■ What you should do: Pull out every line from the line containing "PAOLO Cushion cover 50x90 cm Mole brown" through the end of the material, both ends included, and reproduce it exactly. Keep pictures out.

-- Raw data follows --

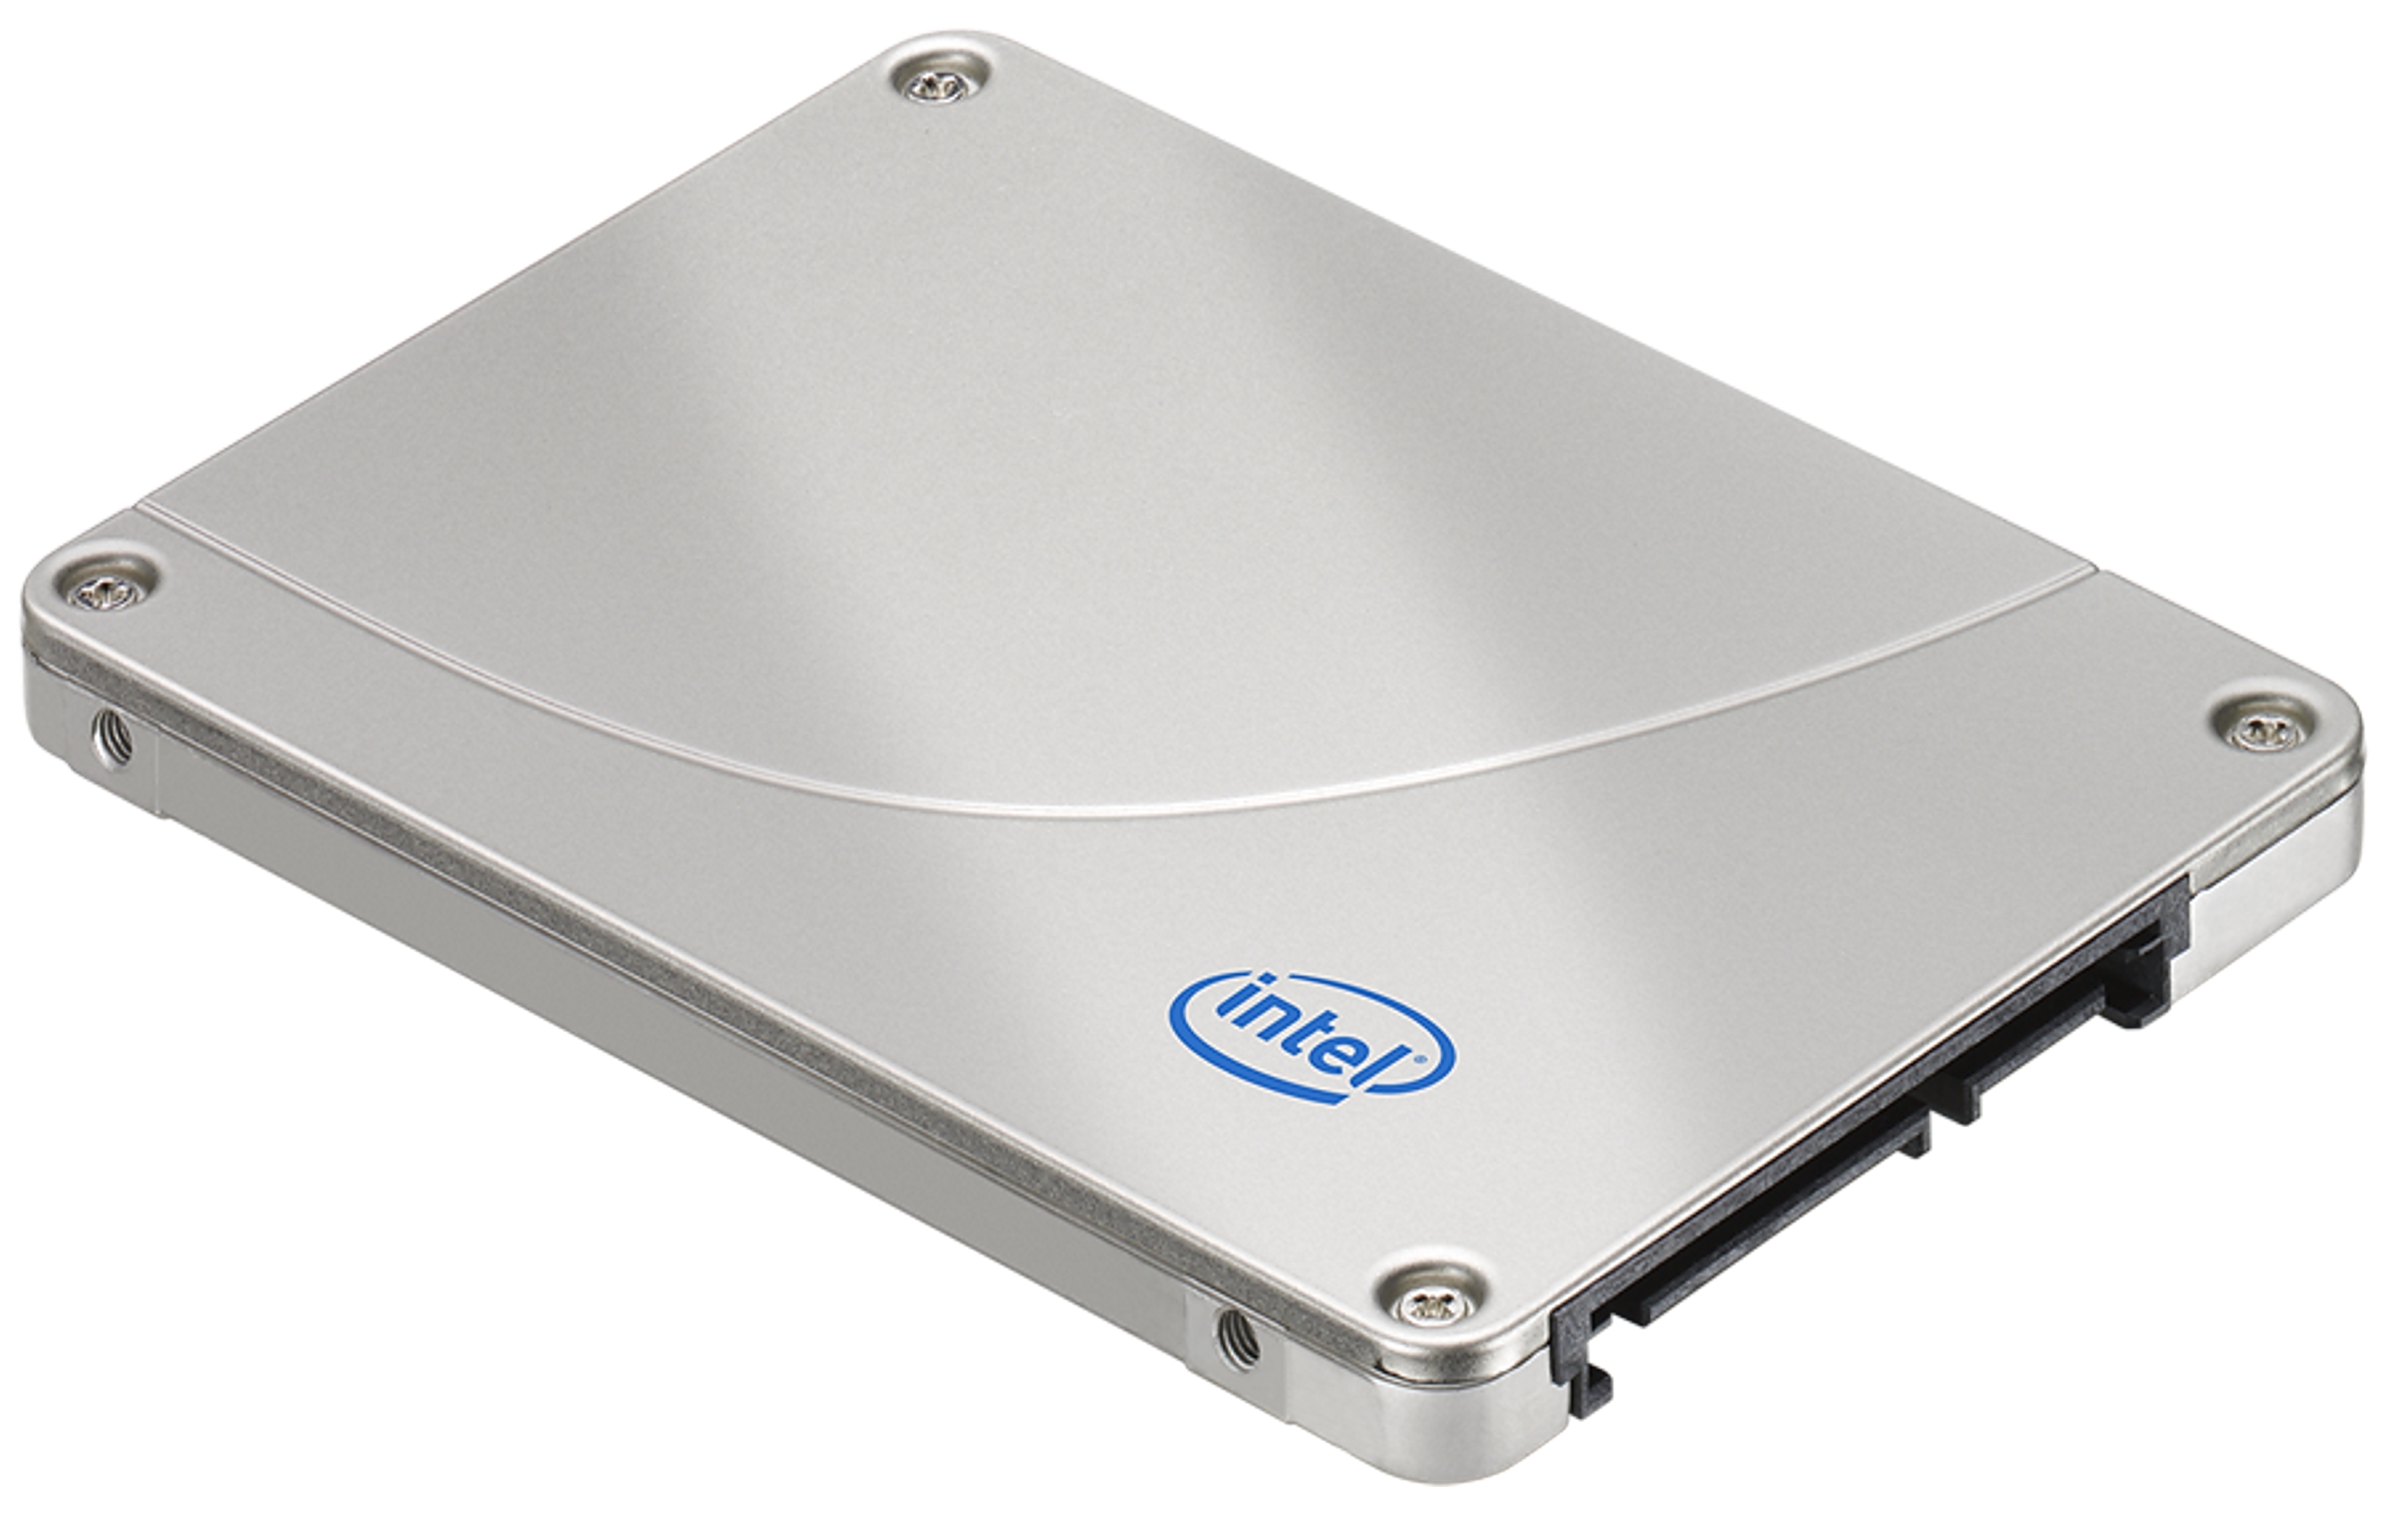 Immagine pubblicata in relazione al seguente contenuto: Intel annuncia gli SSD a 34nm di nuova generazione X25-M | Nome immagine: news11048_2.jpg
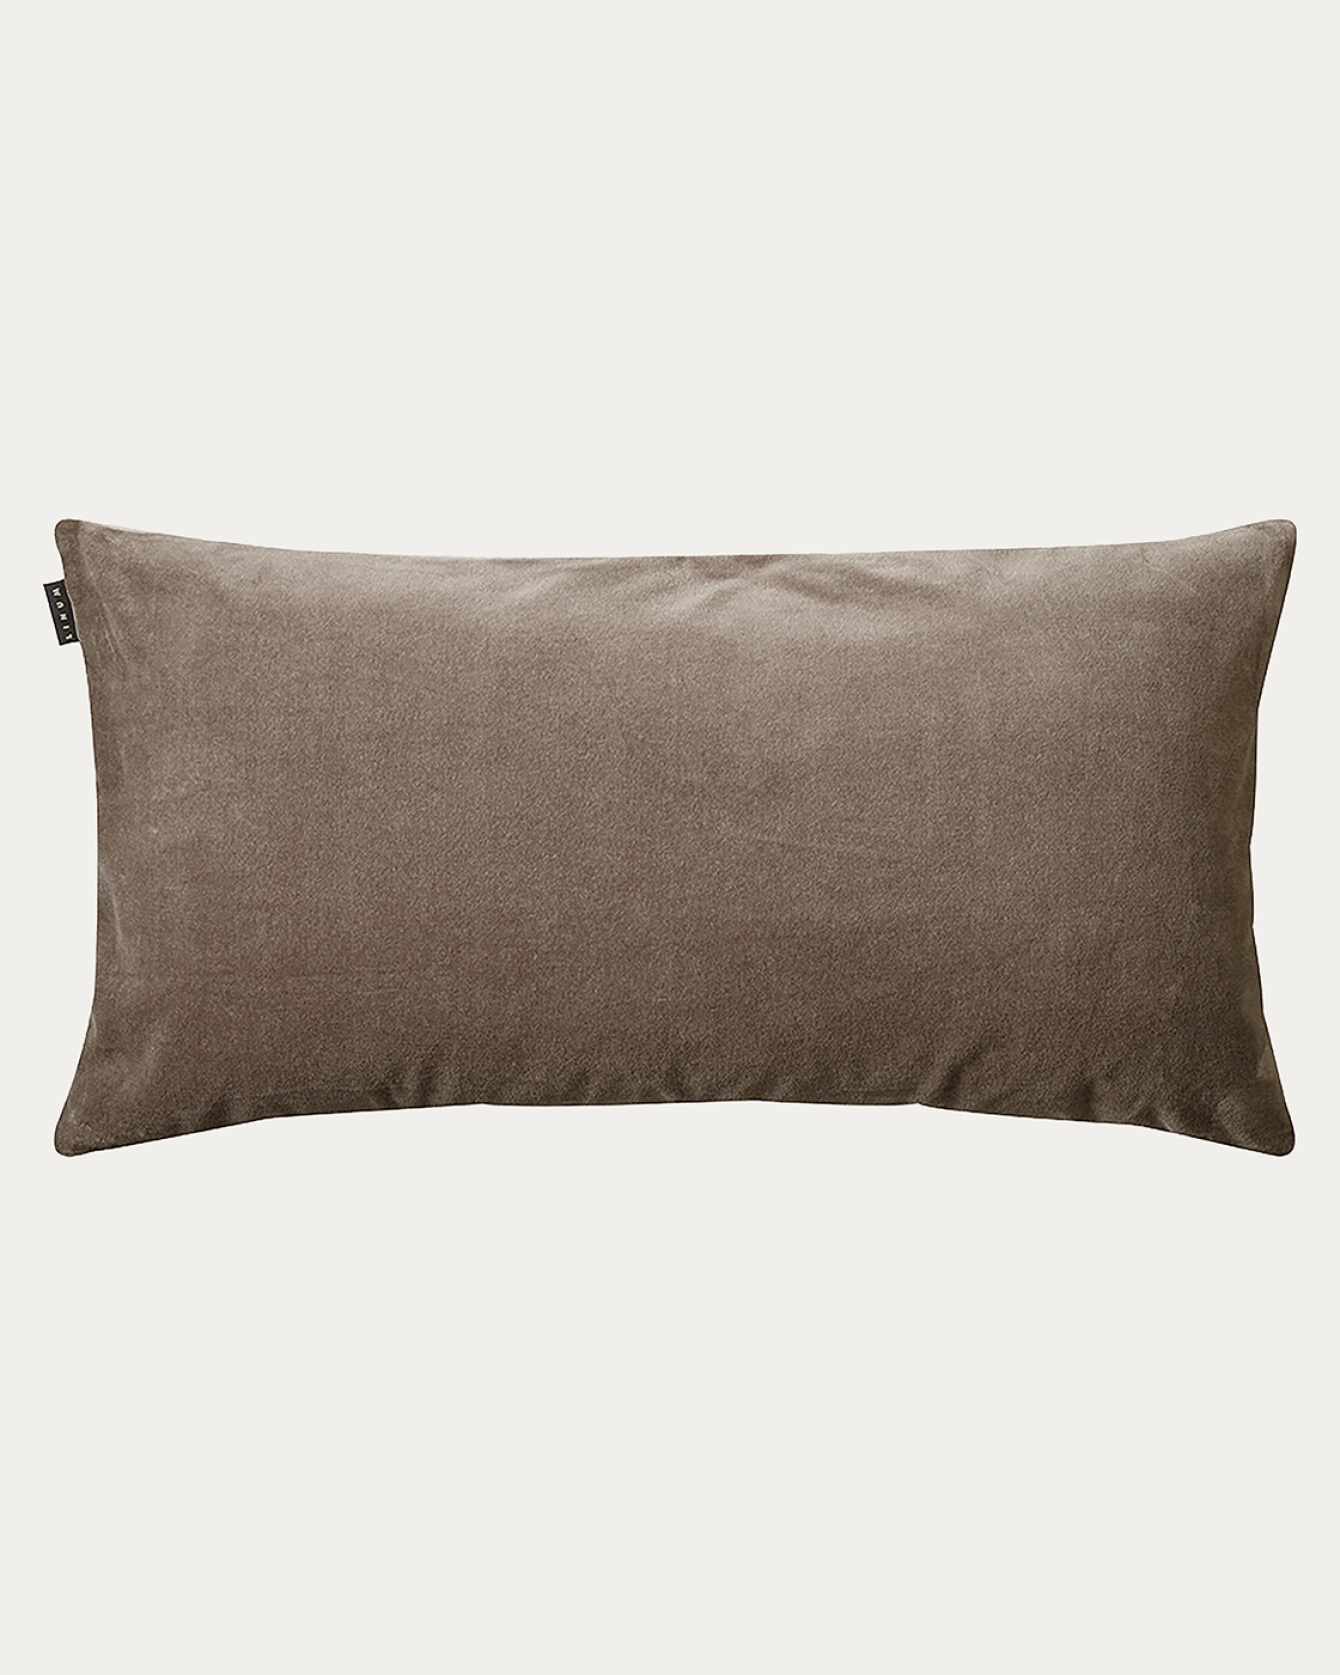 PAOLO Cushion cover 50x90 cm Mole brown
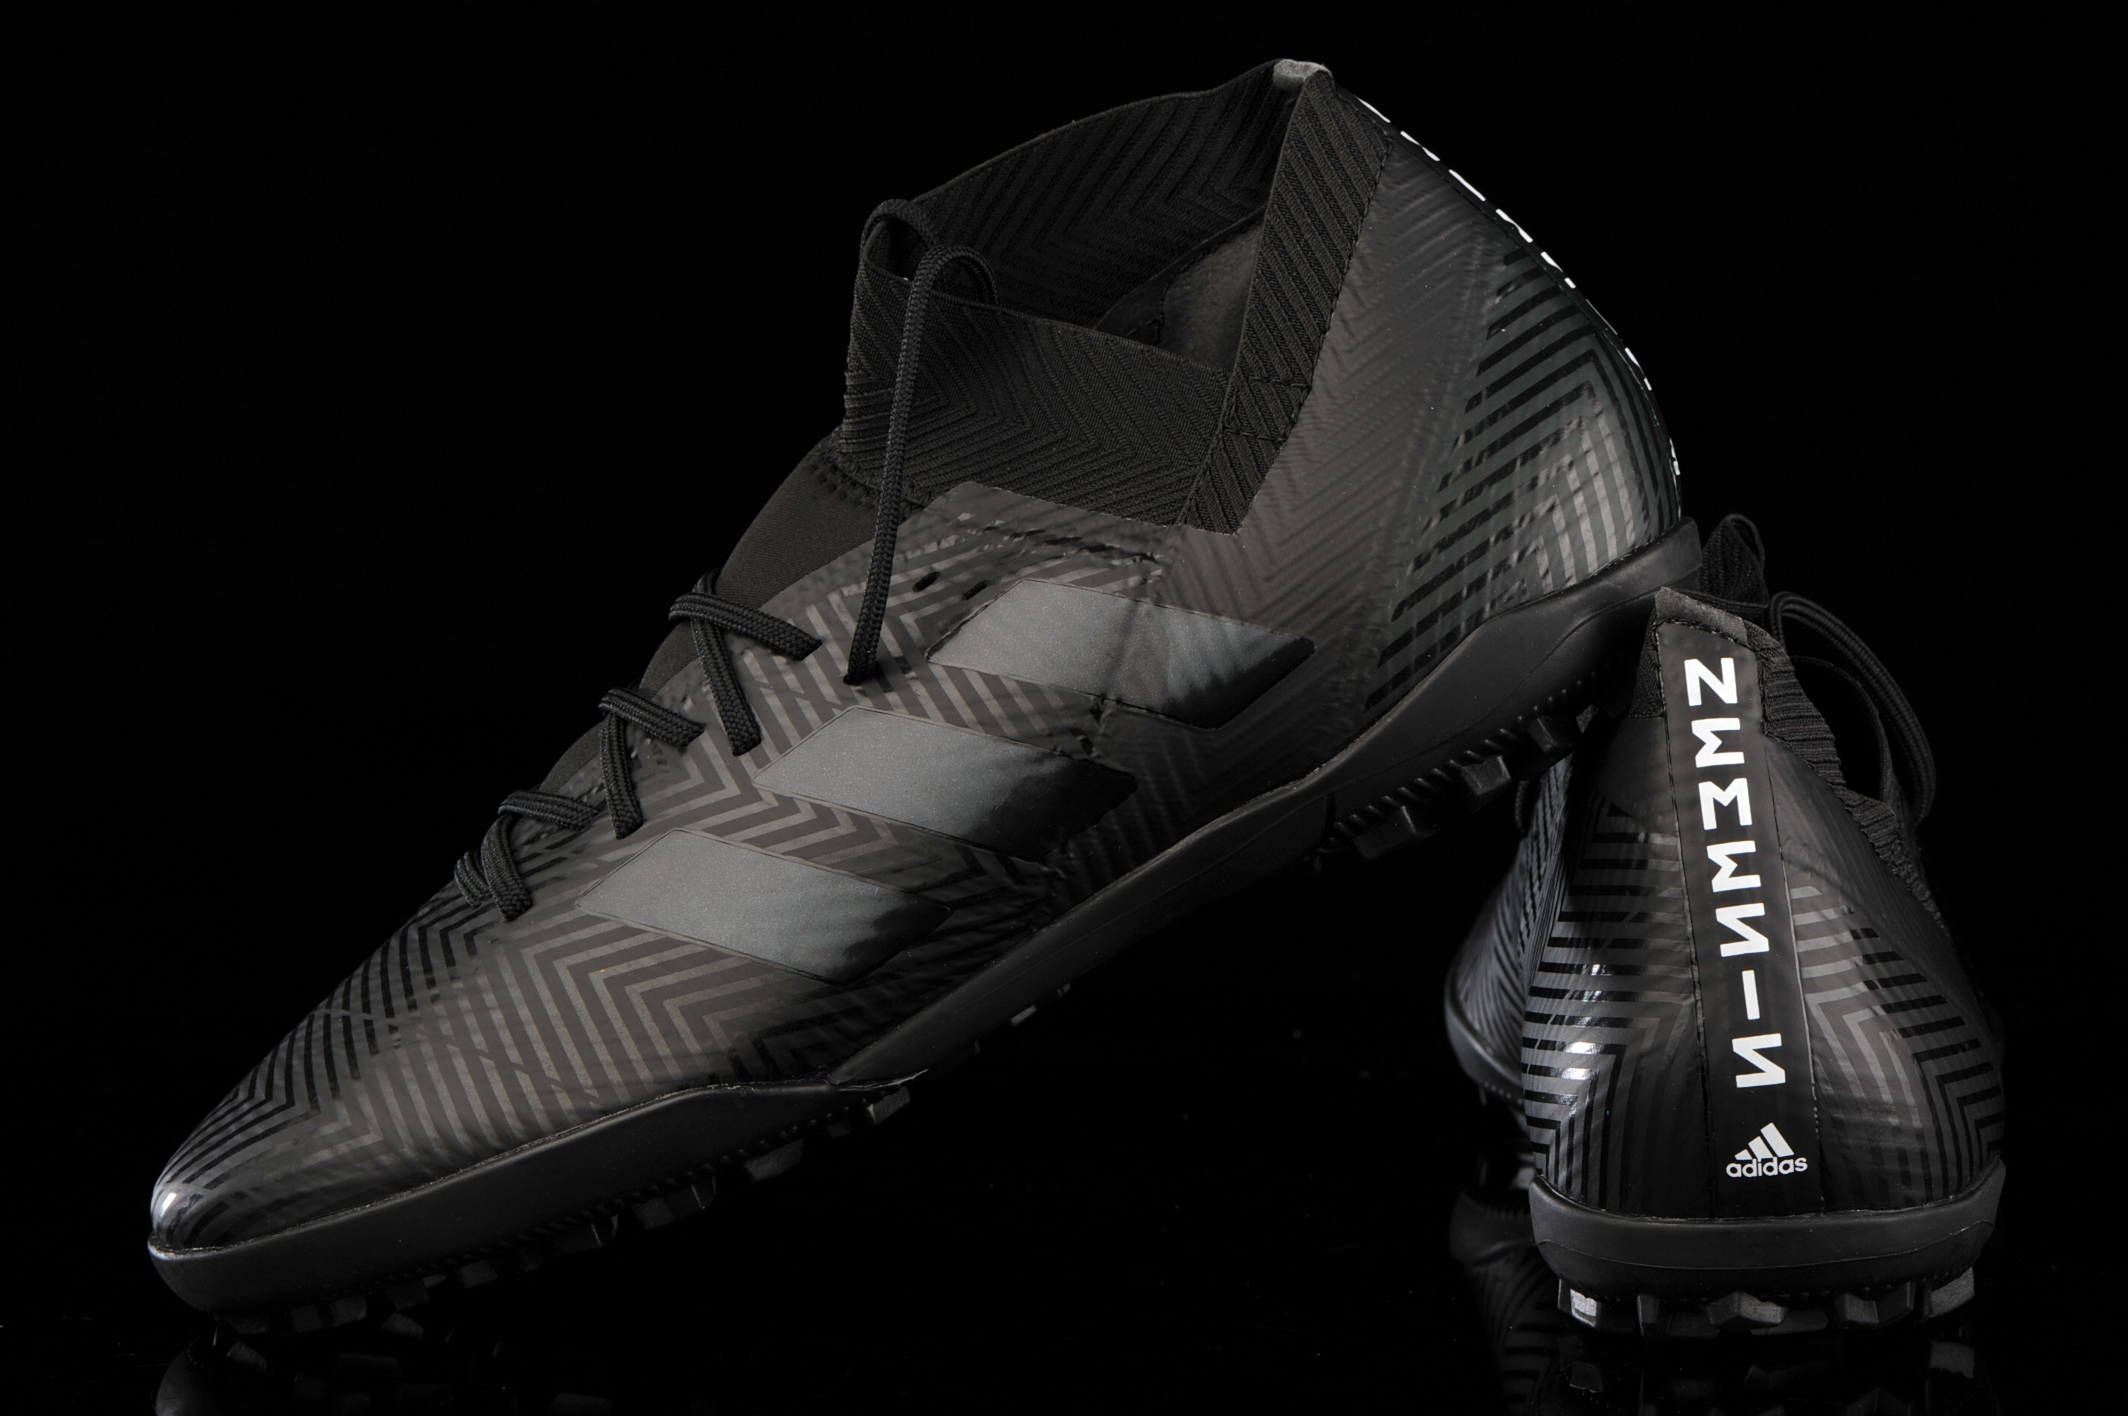 adidas Nemeziz Tango 18.3 TF DB2211 | R-GOL.com - Football boots \u0026 equipment

-- Raw data concluded --

■ Exercise output:
 PAOLO Cushion cover 50x90 cm Mole brown
 adidas Nemeziz Tango 18.3 TF DB2211 | R-GOL.com - Football boots \u0026 equipment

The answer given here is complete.